Although most infectious-disease authorities agree that the risk of HIV transmittal during a game is small, most also admit there is at least a possibility of transmission in certain conditions. Because of this, athletic administrators must make some critical decisions about how best to protect their athletes. To illustrate some of the issues involved, imagine a high school or college athletic director who knows of athletes competing for the school who are HIV-positive.
The first question an administrator should ask is whether the athlete poses a direct threat to the health and safety of others.
To determine this, the Supreme Court, in School Board of Nassau County, Florida v. Arline [480 U.S.273, at 288 (1987)], a case involving not HIV but tuberculosis, considered a four-part test to be used when examining exposure to a contagious disease:
1. the nature of the risk (how the disease is transmitted), 2. the duration of the risk (how long the carrier is infectious), 3. the severity of the risk (what the potential harm is to third parties), and 4. the probabilities the disease will be transmitted and will cause varying degrees of harm.
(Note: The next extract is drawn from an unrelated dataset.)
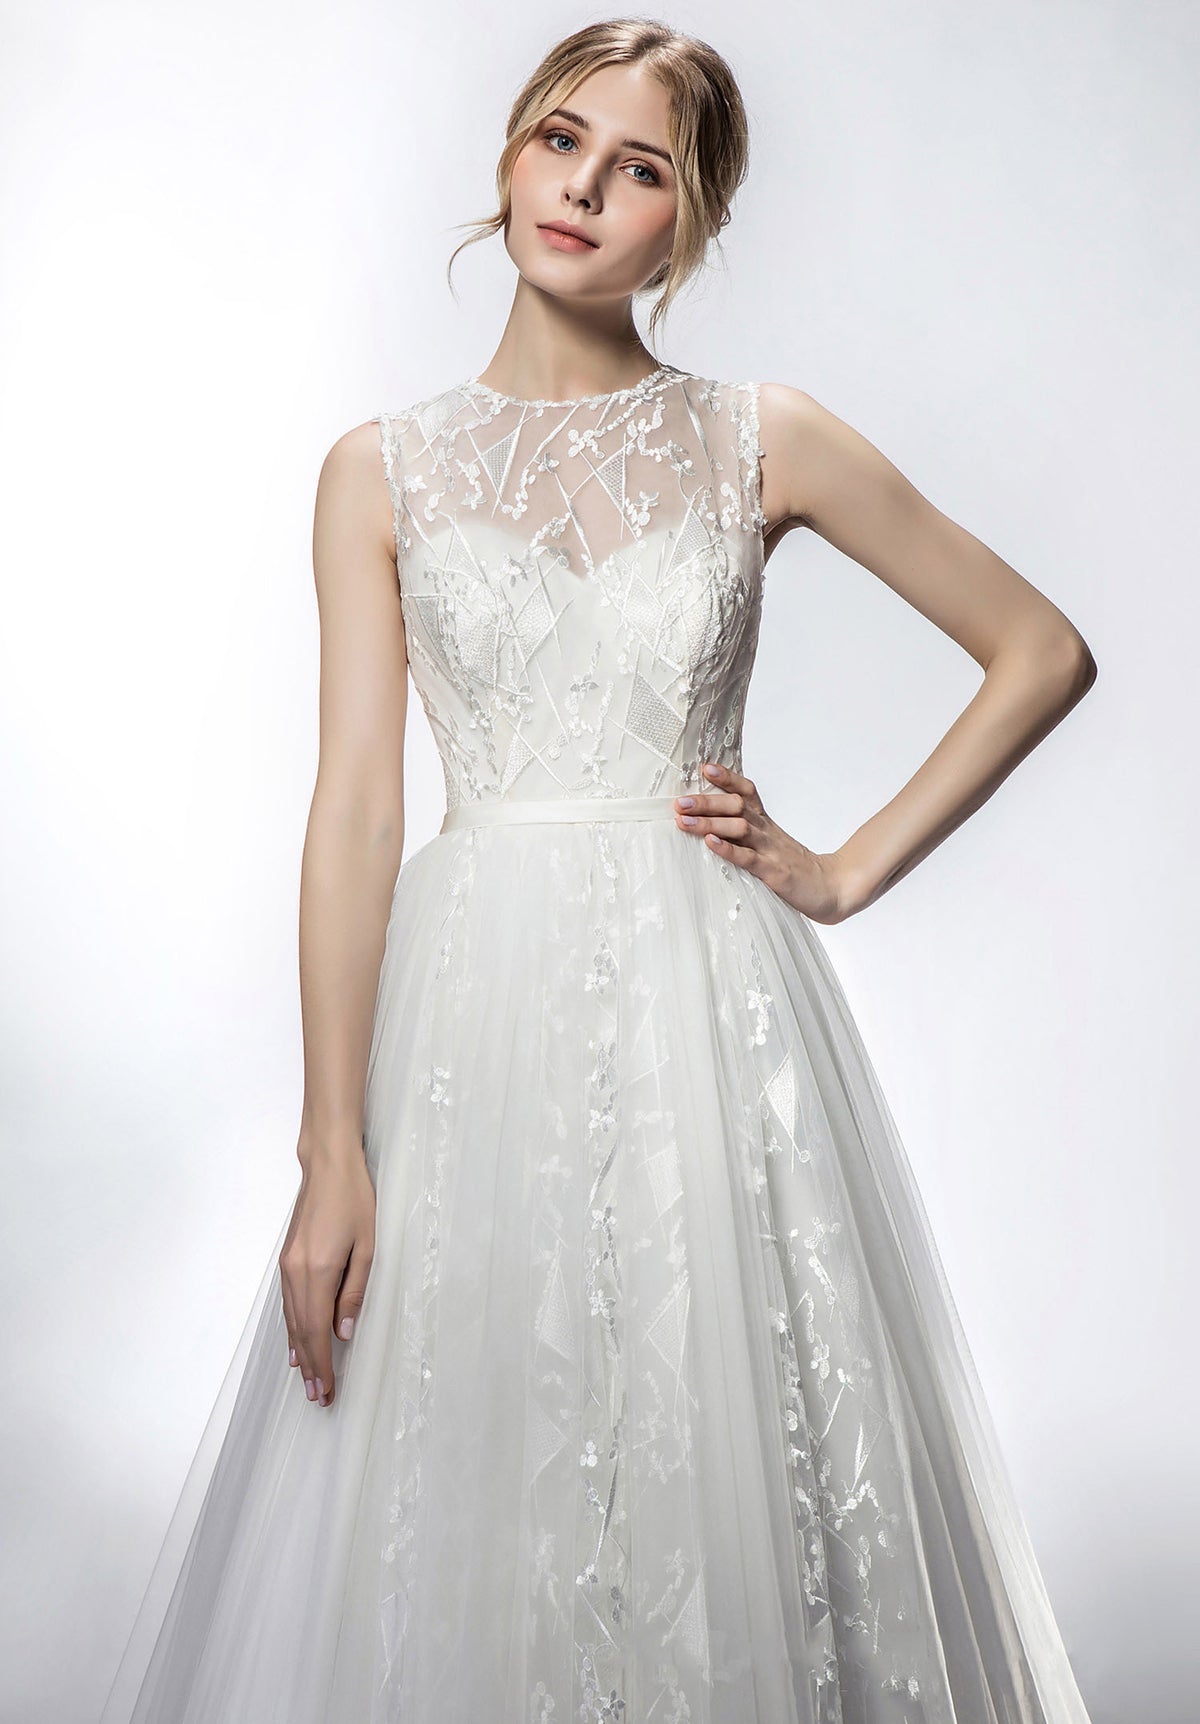 Romantic Wedding Dress With Lace Appliques
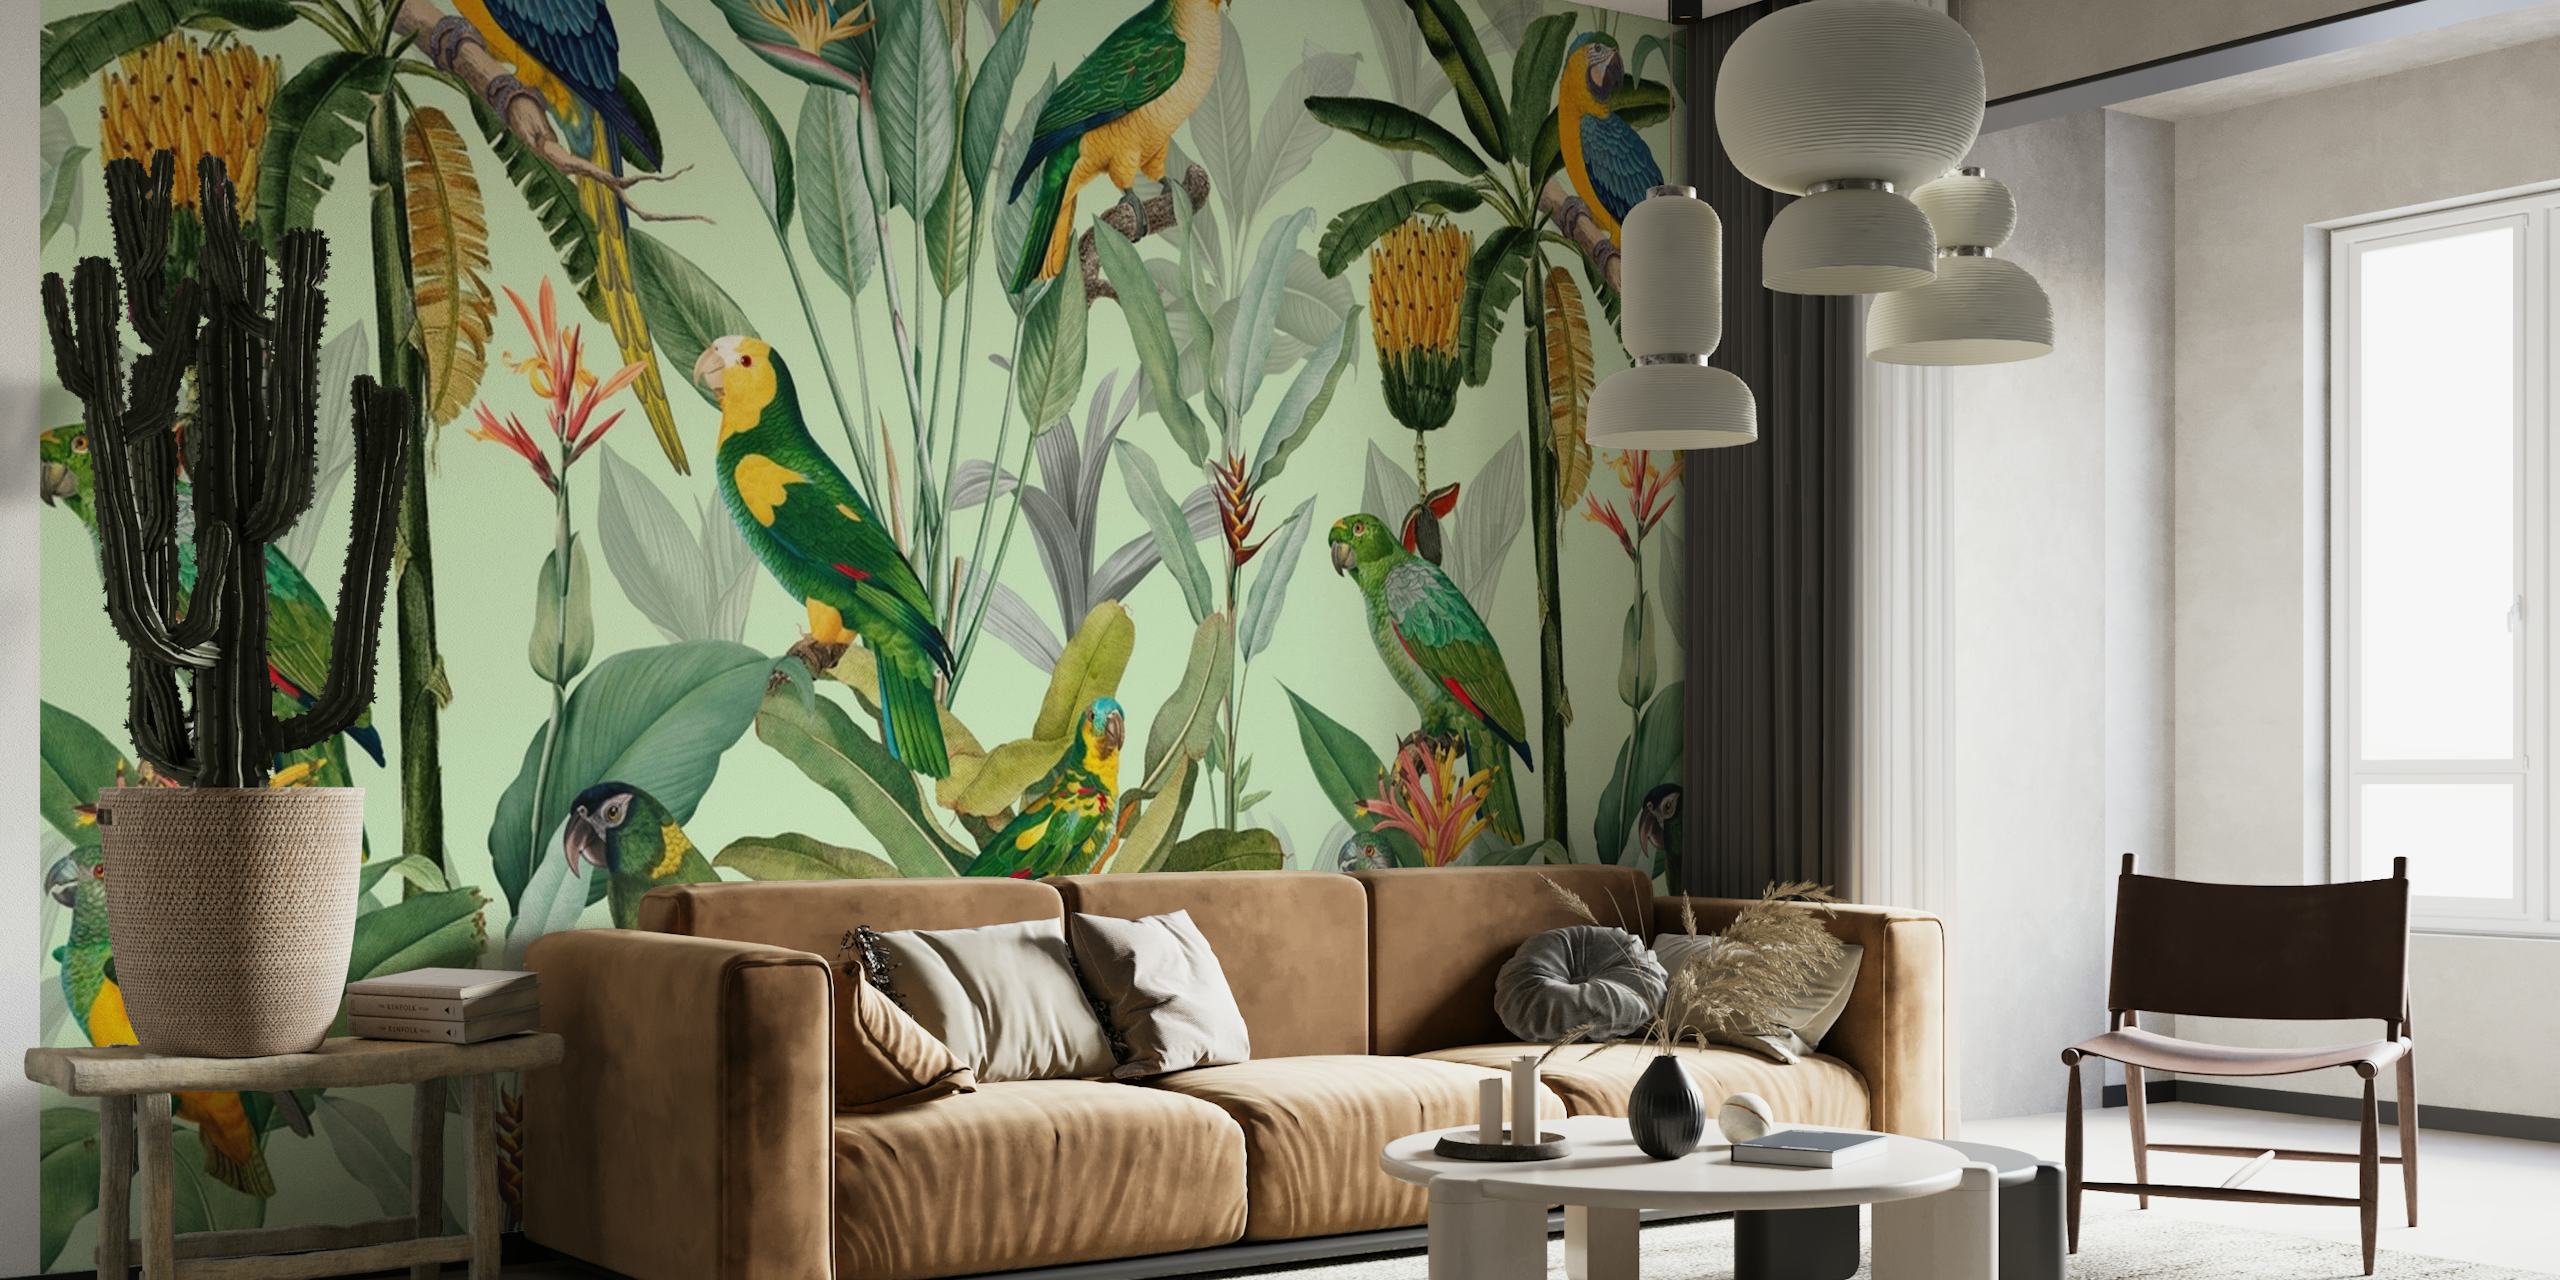 Bananas and Parrots Jungle wallpaper

If the athlete does not pose a significant risk to other participants, he or she should be allowed to play.
The unfortunate reality is that deciding whether or not to allow an HIV-infected athlete to participate is often as much a matter of the athletic administrator's fear of transmission as it is the statistically small chance that transmission will occur. When considering denying an athlete the opportunity to participate, administrators must be careful to base their decision on reasonable medical judgment rather than on speculation.
Current medical information about HIV transmission indicates that only athletes involved in high-risk activities pose any risk. While athletics in general might not be considered high-risk, an athletic director needs to consider whether certain sports (wrestling, for example) pose a greater risk of transmission than contact sports such as basketball, football or hockey - and therefore, whether certain sports require special regulations.
A final question an administrator might ask is whether there are any reasonable accommodations that could be made to eliminate the risk of transmission to non-infected athletes. Since both Section 504 and ADA require that reasonable accommodations be made to remove barriers that hinder the participation of handicapped individuals, any minor changes that can be made to the activity that would allow infected athletes to participate clearly must and should be made.